Start of Supplied data

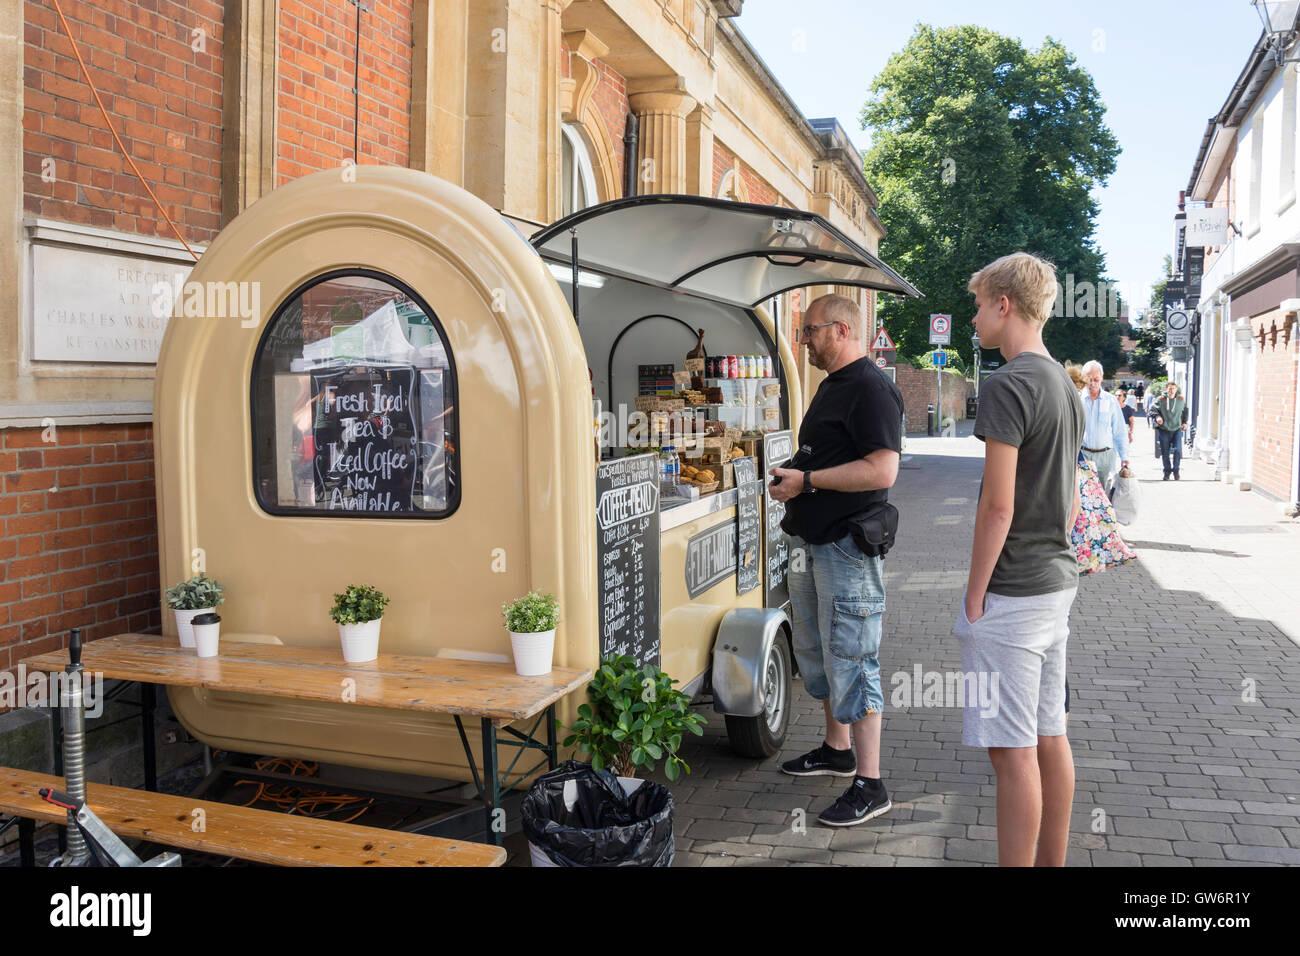 Cibo e caffè chiosco, Market Street, Winchester, Hampshire, Inghilterra, Regno Unito Foto Stock
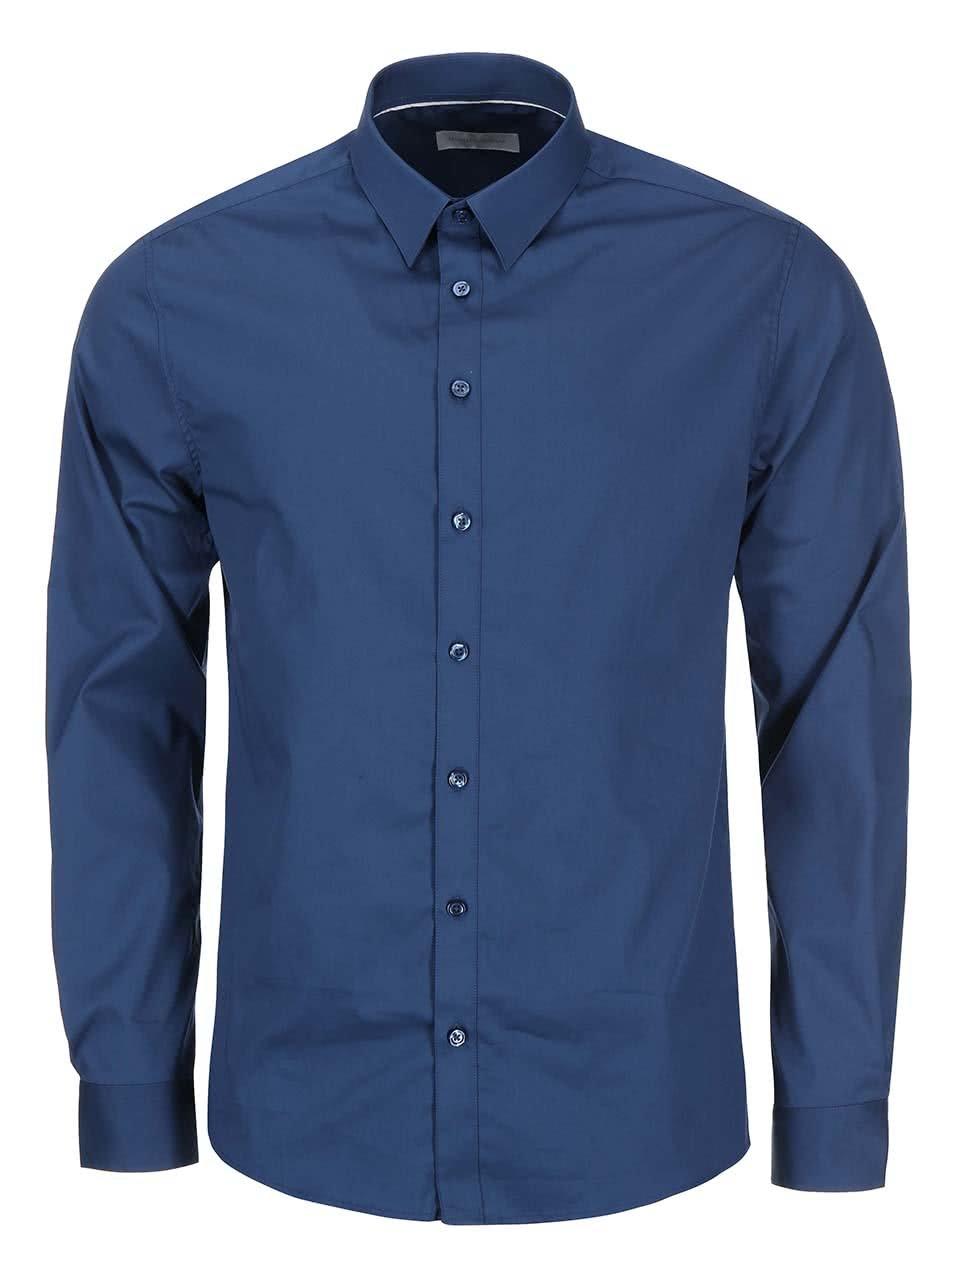 Modrá košile Tailored & Originals Paris
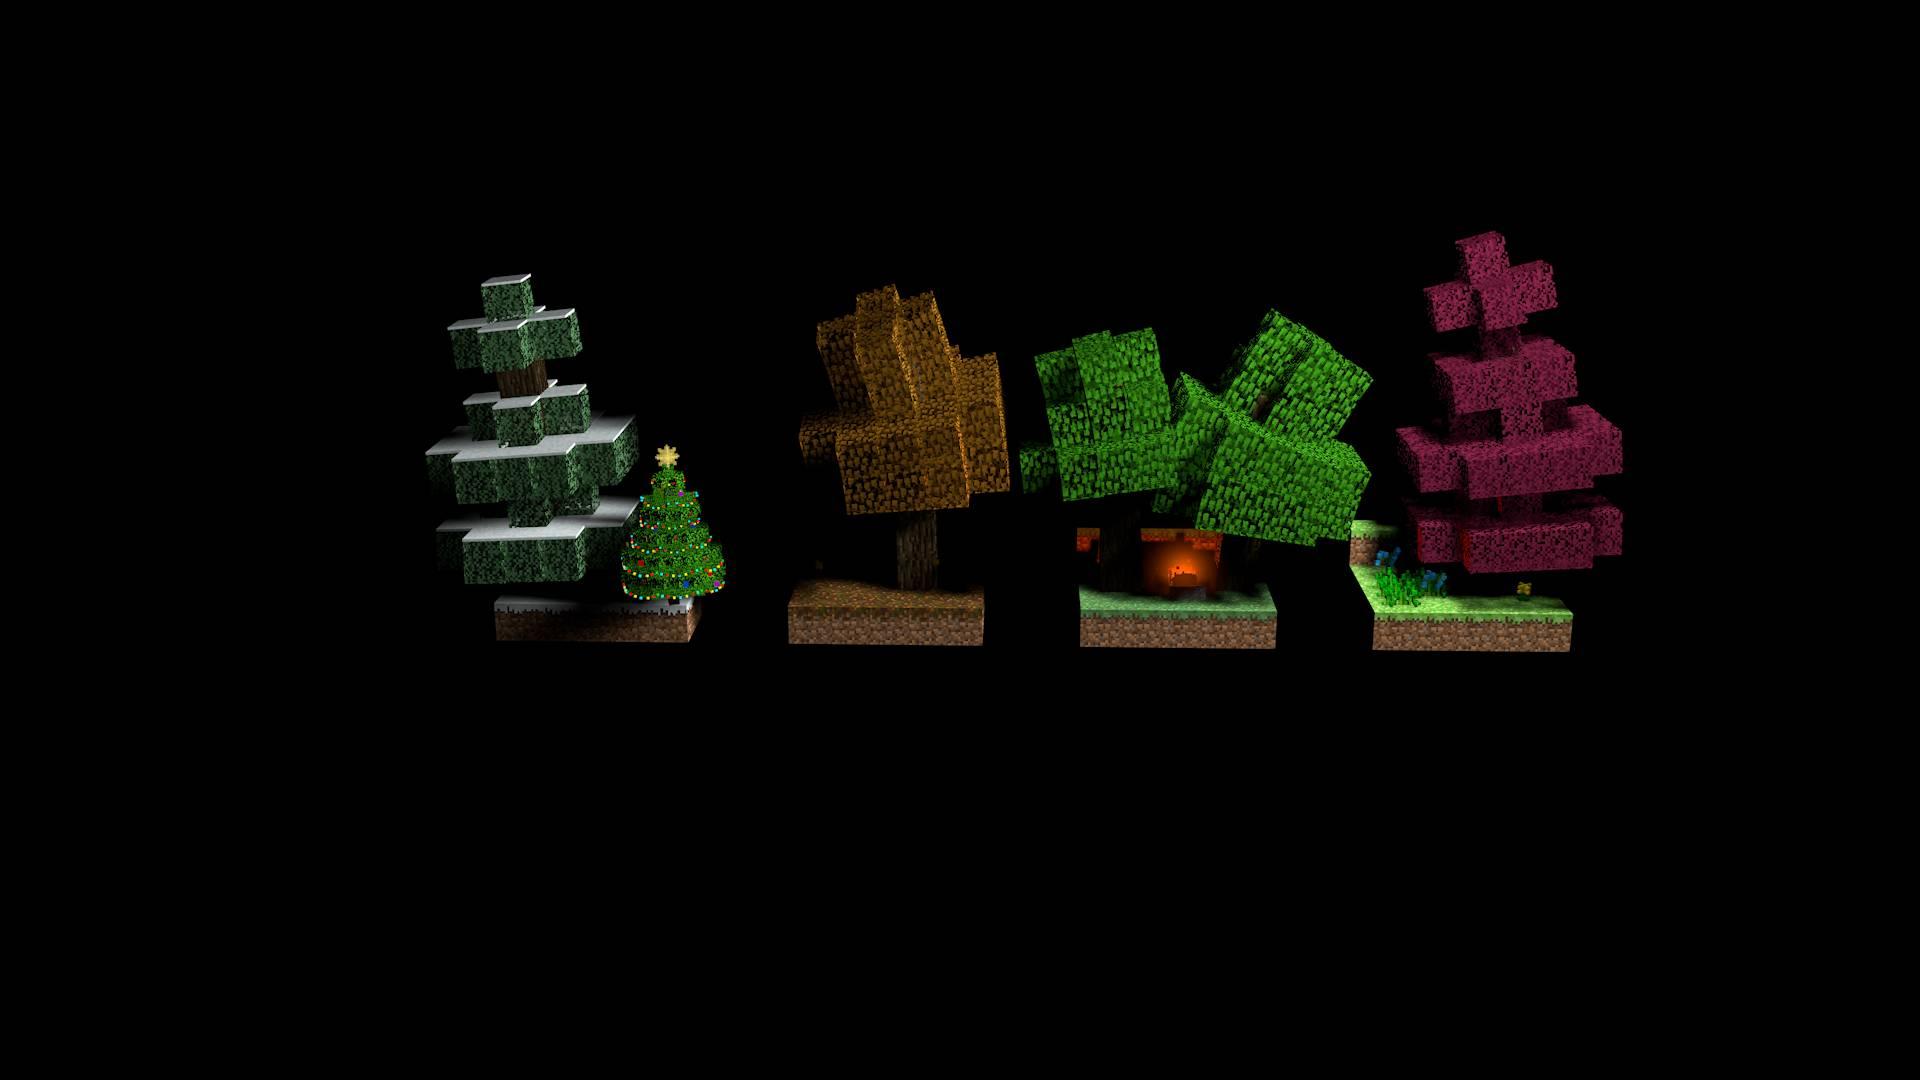 Minecraft Wallpaper 44 1920x1080 768x432
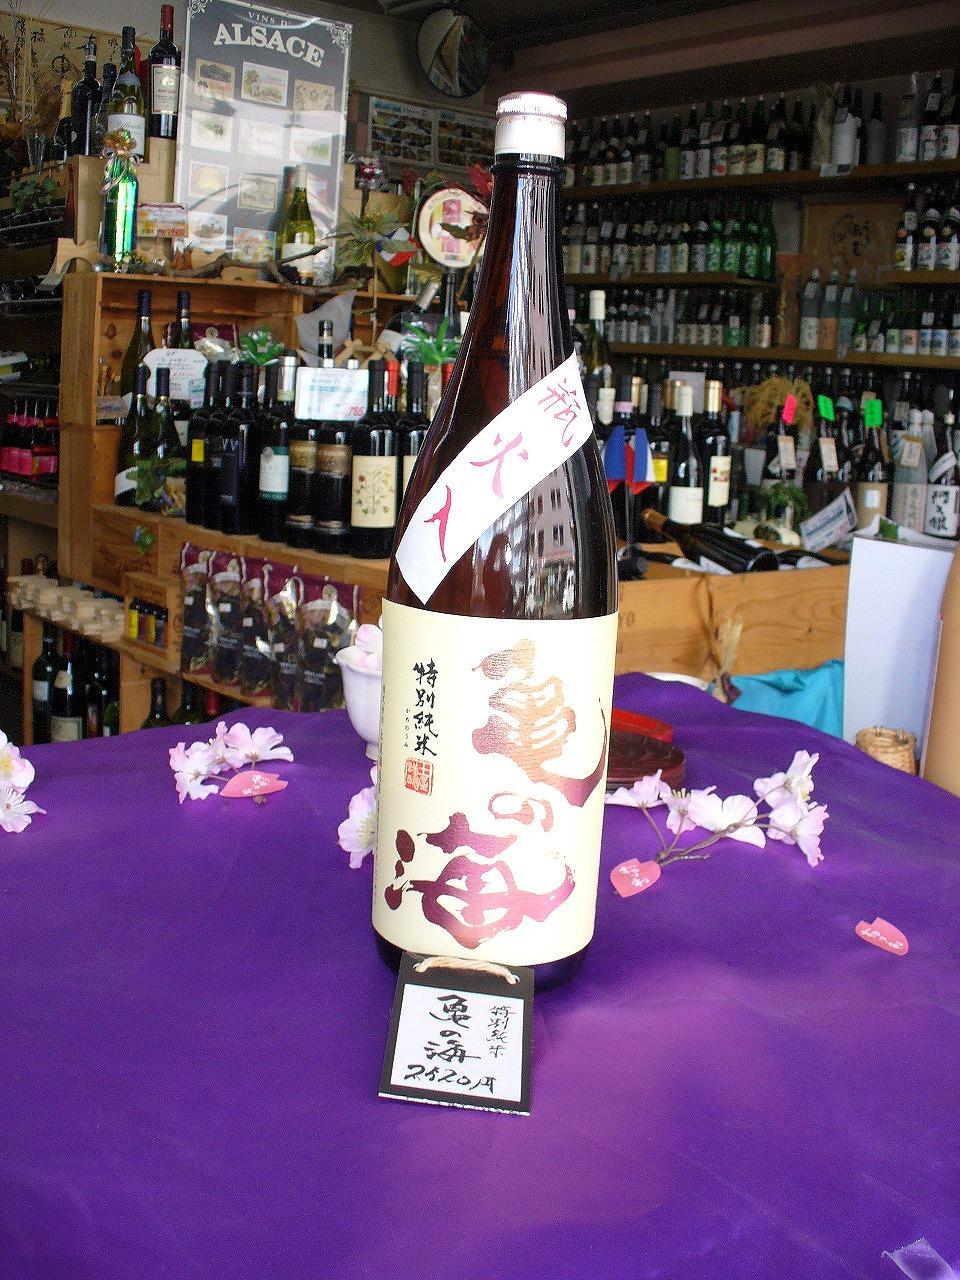 日本酒 「亀の海 特別純米 瓶火入」 吉祥寺の酒屋より_f0205182_21272010.jpg

End of Supplied data

What the task requires:
The result should be the same data as above, line for line, with the pictures gone.

Response to this task:
 Cibo e caffè chiosco, Market Street, Winchester, Hampshire, Inghilterra, Regno Unito Foto Stock
 Modrá košile Tailored & Originals Paris
 Minecraft Wallpaper 44 1920x1080 768x432
 日本酒 「亀の海 特別純米 瓶火入」 吉祥寺の酒屋より_f0205182_21272010.jpg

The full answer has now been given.